Items listed in a dataset

=-=-=

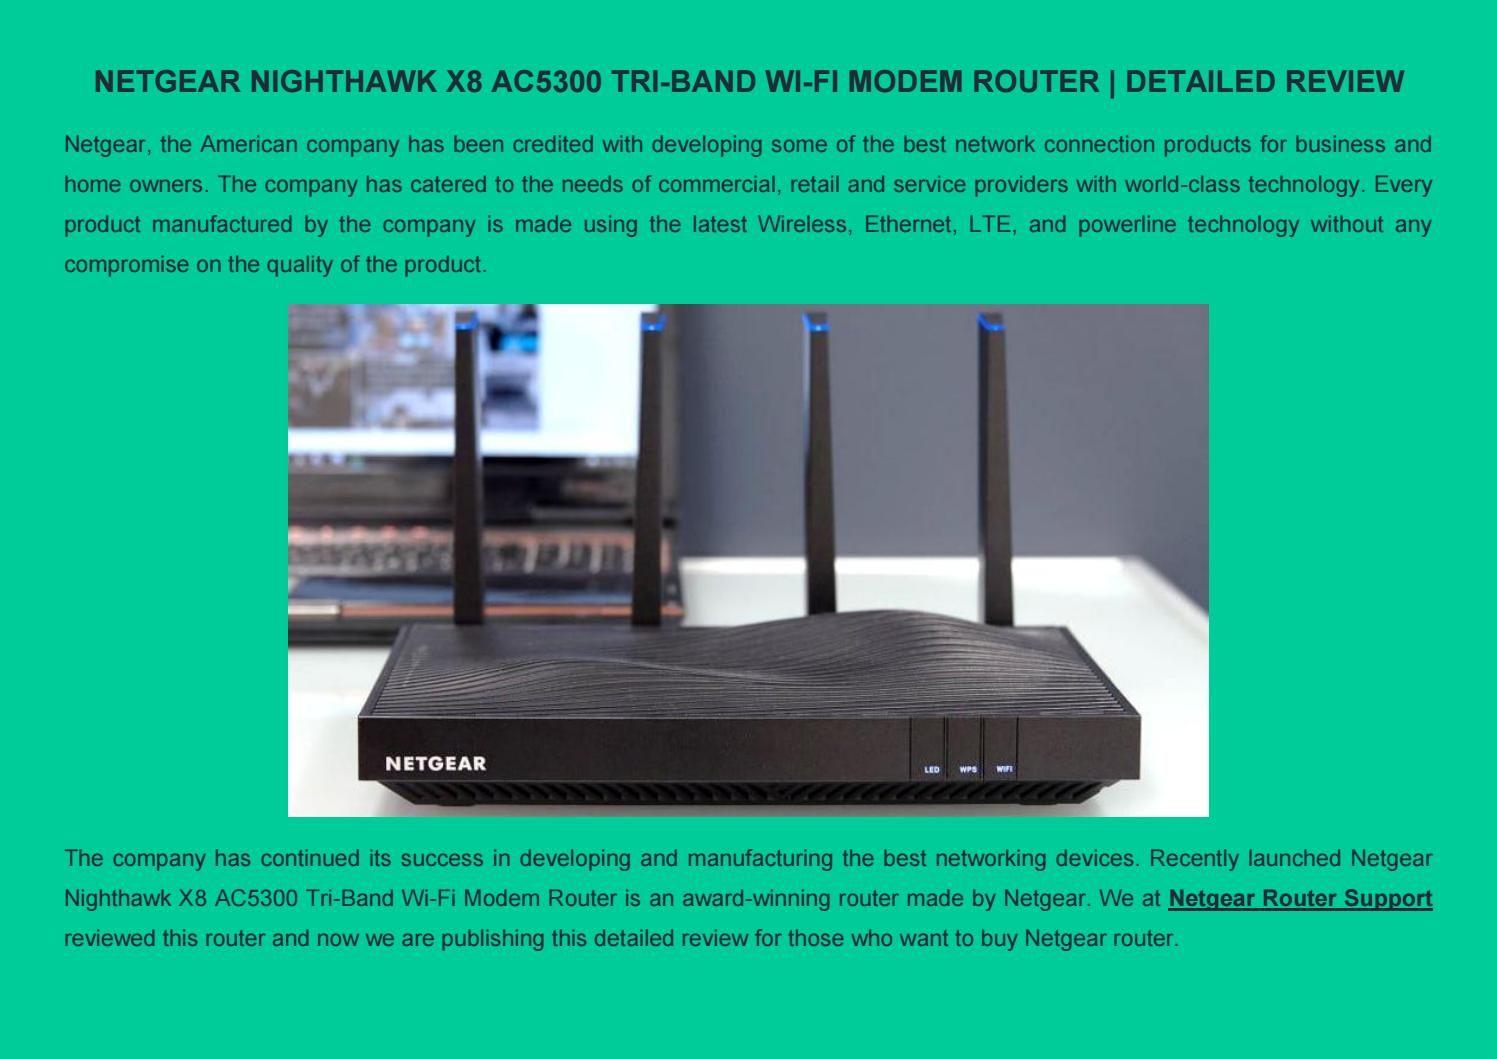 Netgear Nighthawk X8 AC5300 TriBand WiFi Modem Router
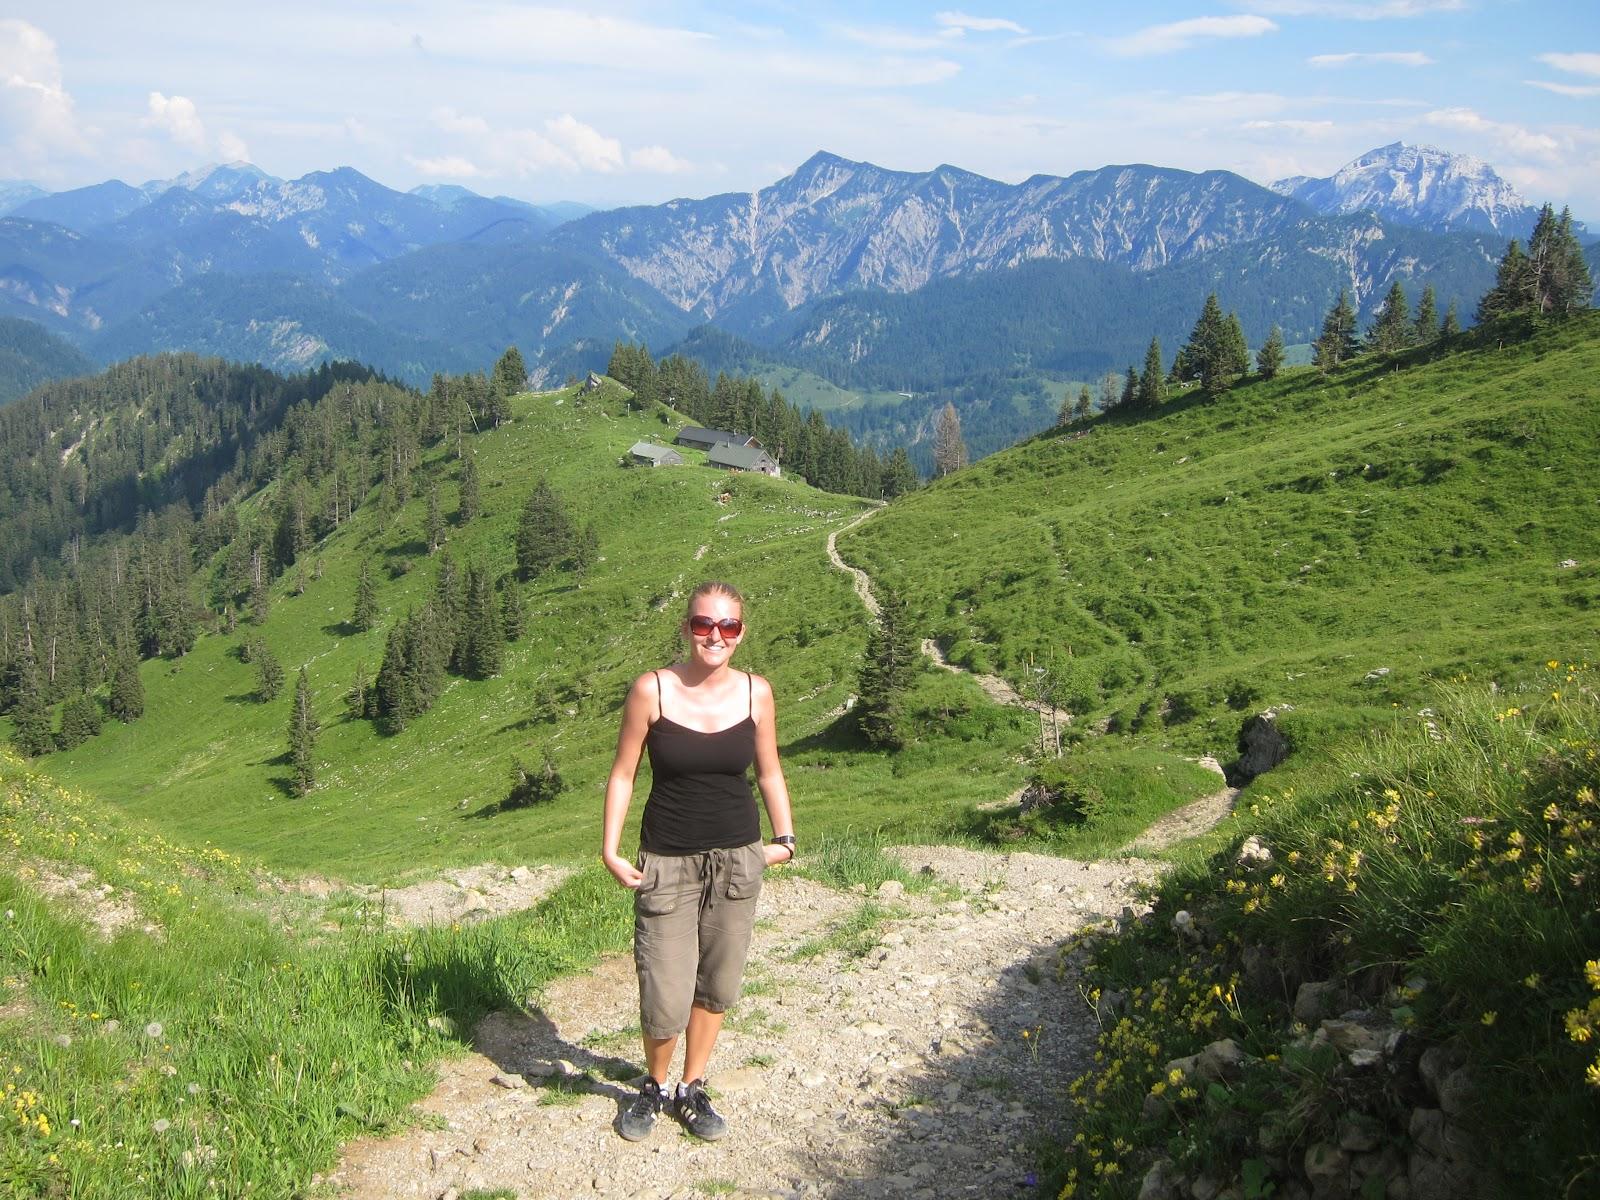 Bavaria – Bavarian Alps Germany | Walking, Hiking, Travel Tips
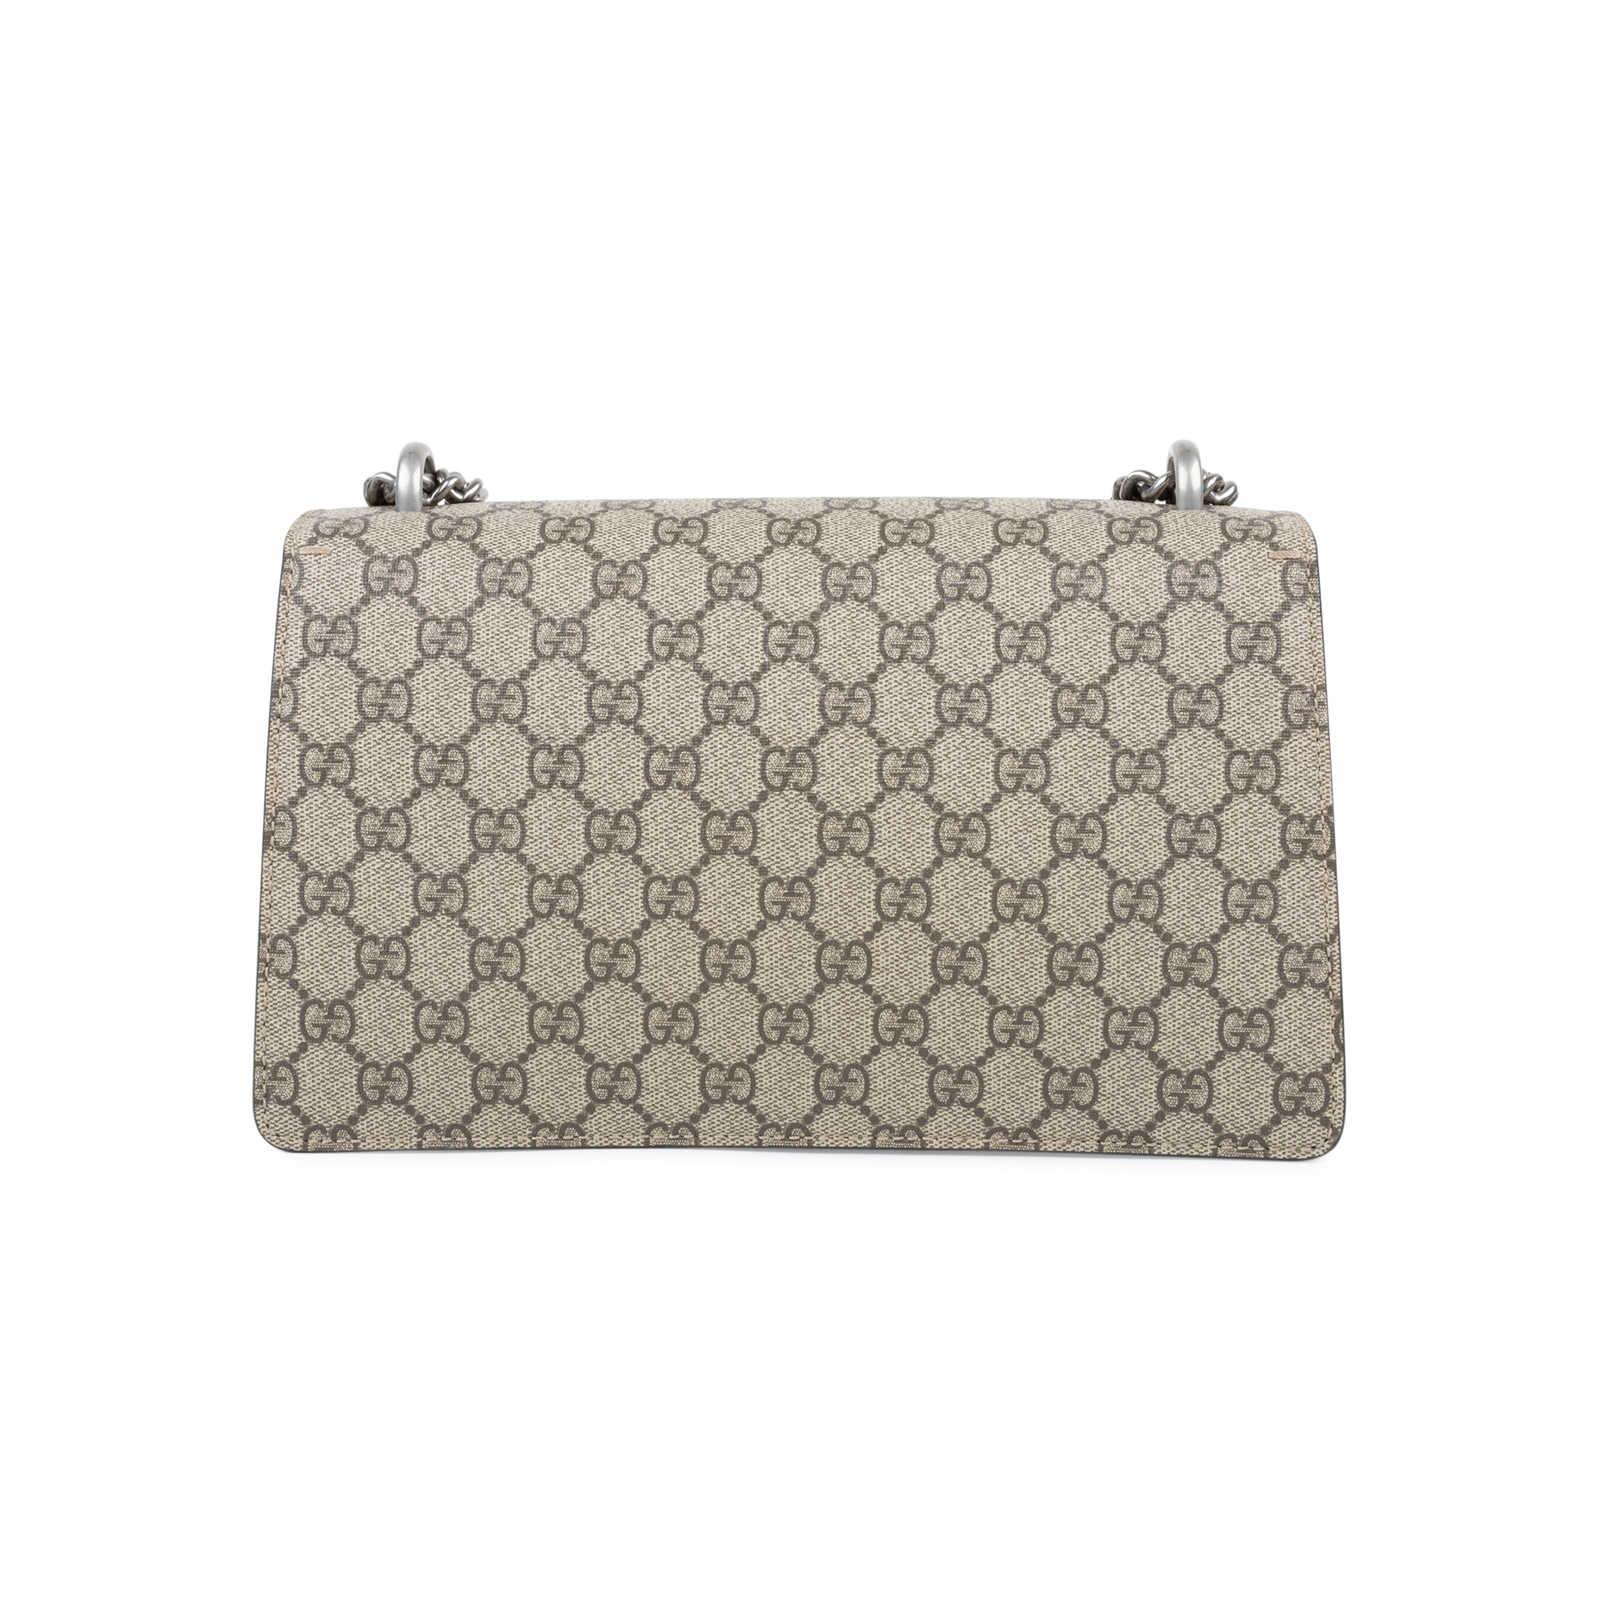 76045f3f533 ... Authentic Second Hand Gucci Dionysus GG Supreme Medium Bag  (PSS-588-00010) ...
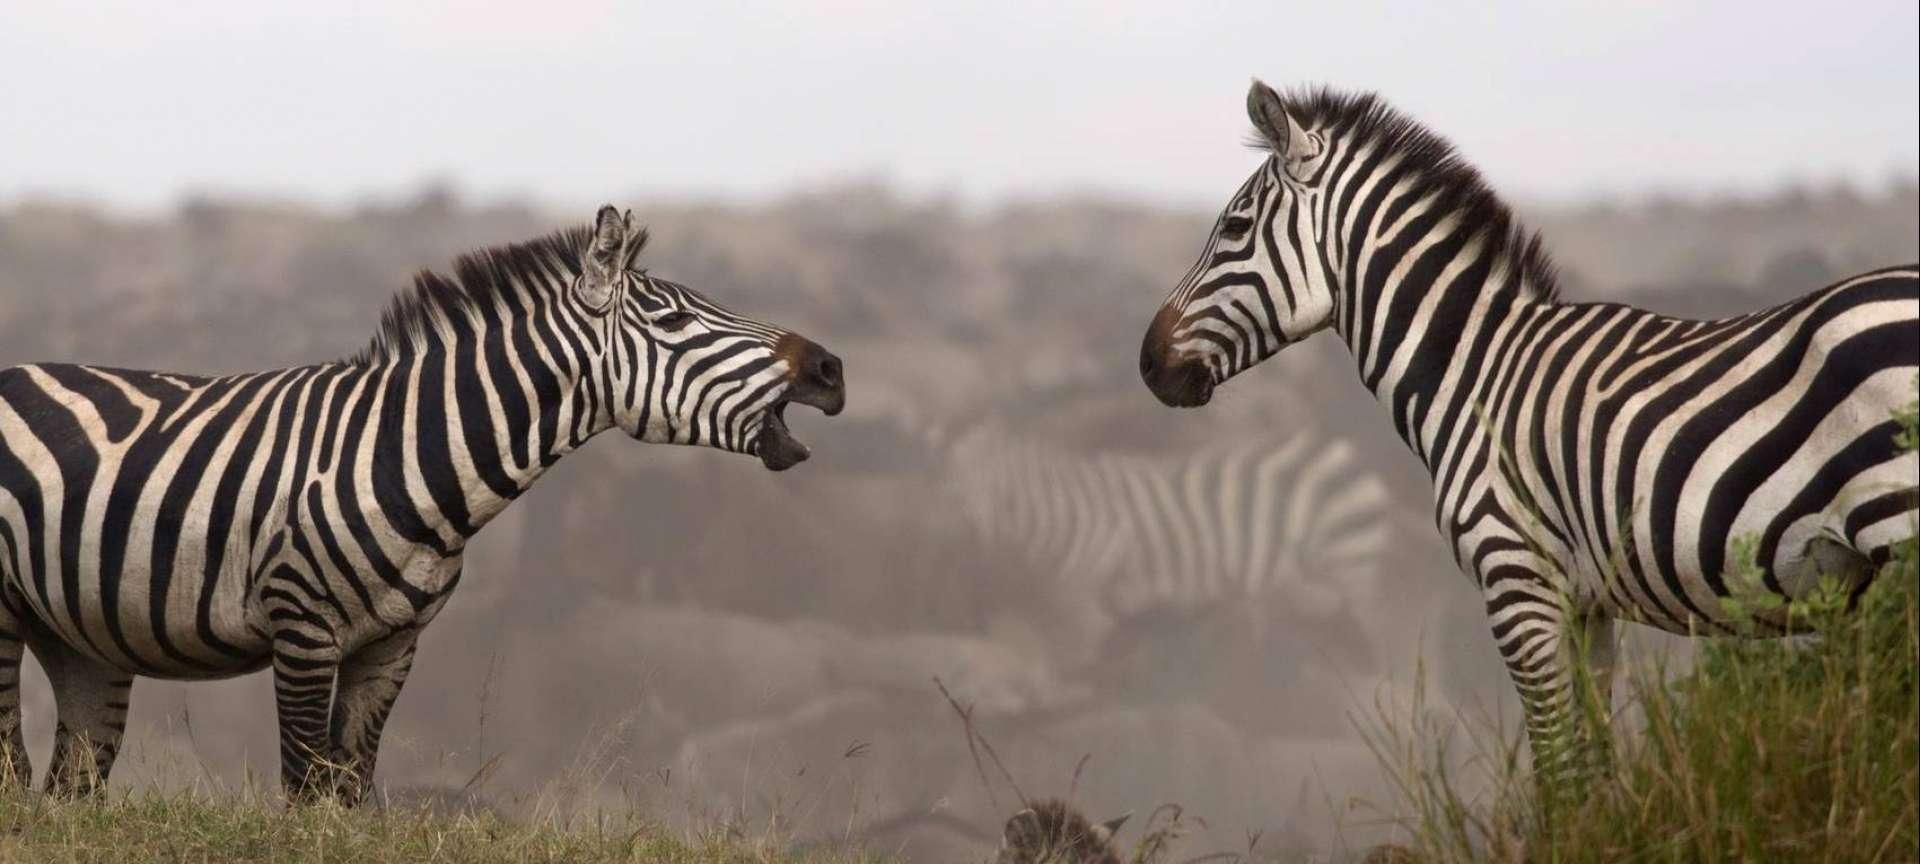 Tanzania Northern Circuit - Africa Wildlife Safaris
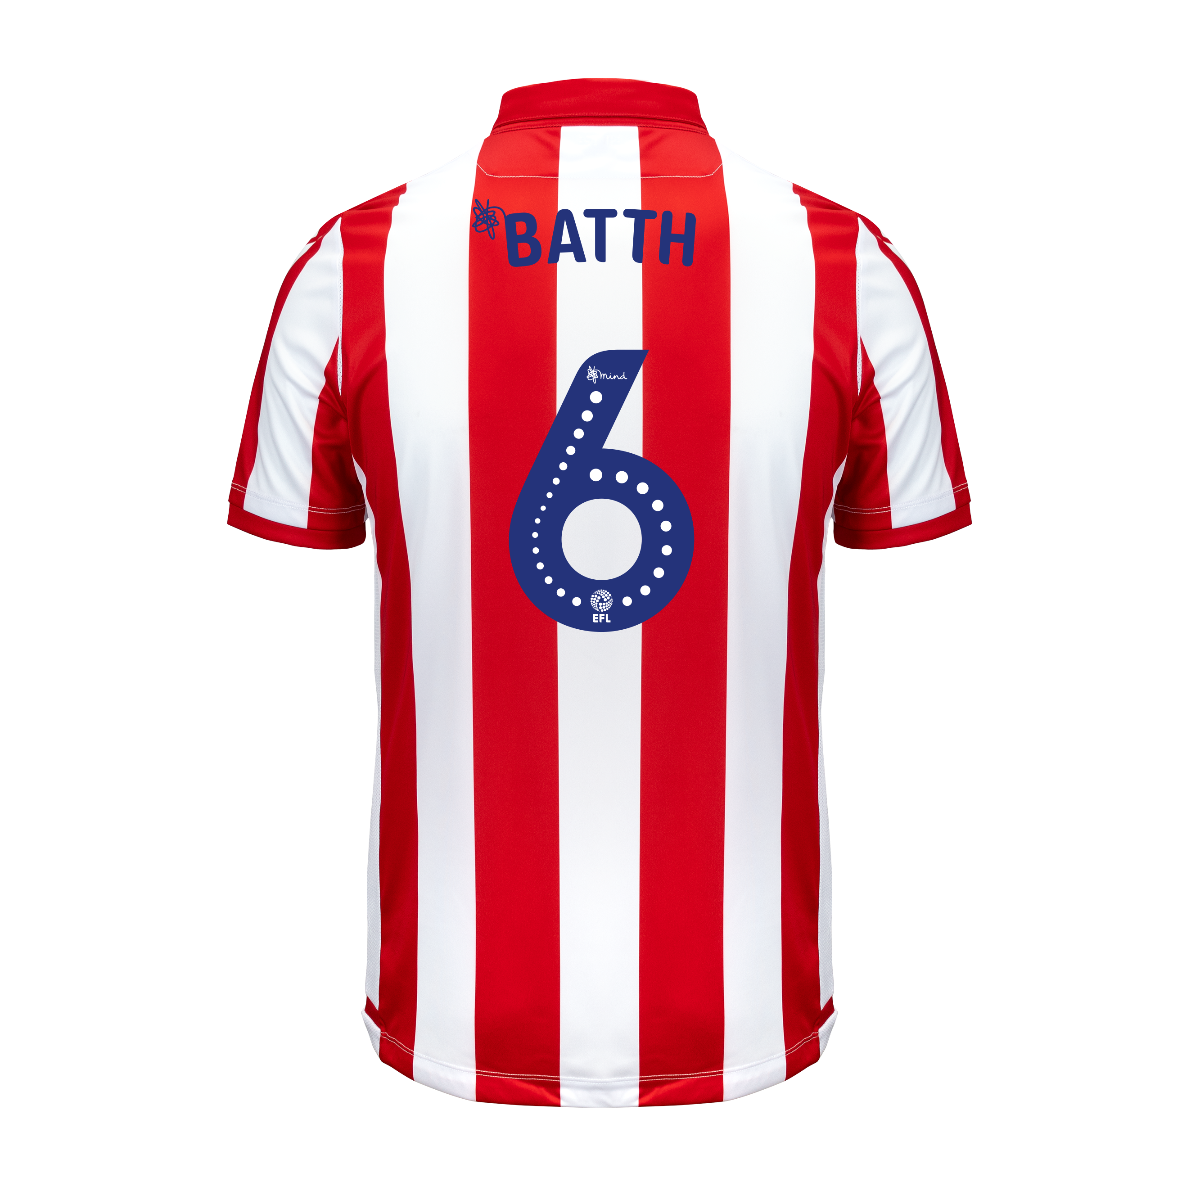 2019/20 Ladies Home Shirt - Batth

=-=-=

▸ **Your assignment**
Before printing the records again, strip out the pictures; change nothing else.

▸ **Task output**
 Netgear Nighthawk X8 AC5300 TriBand WiFi Modem Router
 Bavaria – Bavarian Alps Germany | Walking, Hiking, Travel Tips
 76045f3f533 ... Authentic Second Hand Gucci Dionysus GG Supreme Medium Bag  (PSS-588-00010) ...
 Tanzania Northern Circuit - Africa Wildlife Safaris
 2019/20 Ladies Home Shirt - Batth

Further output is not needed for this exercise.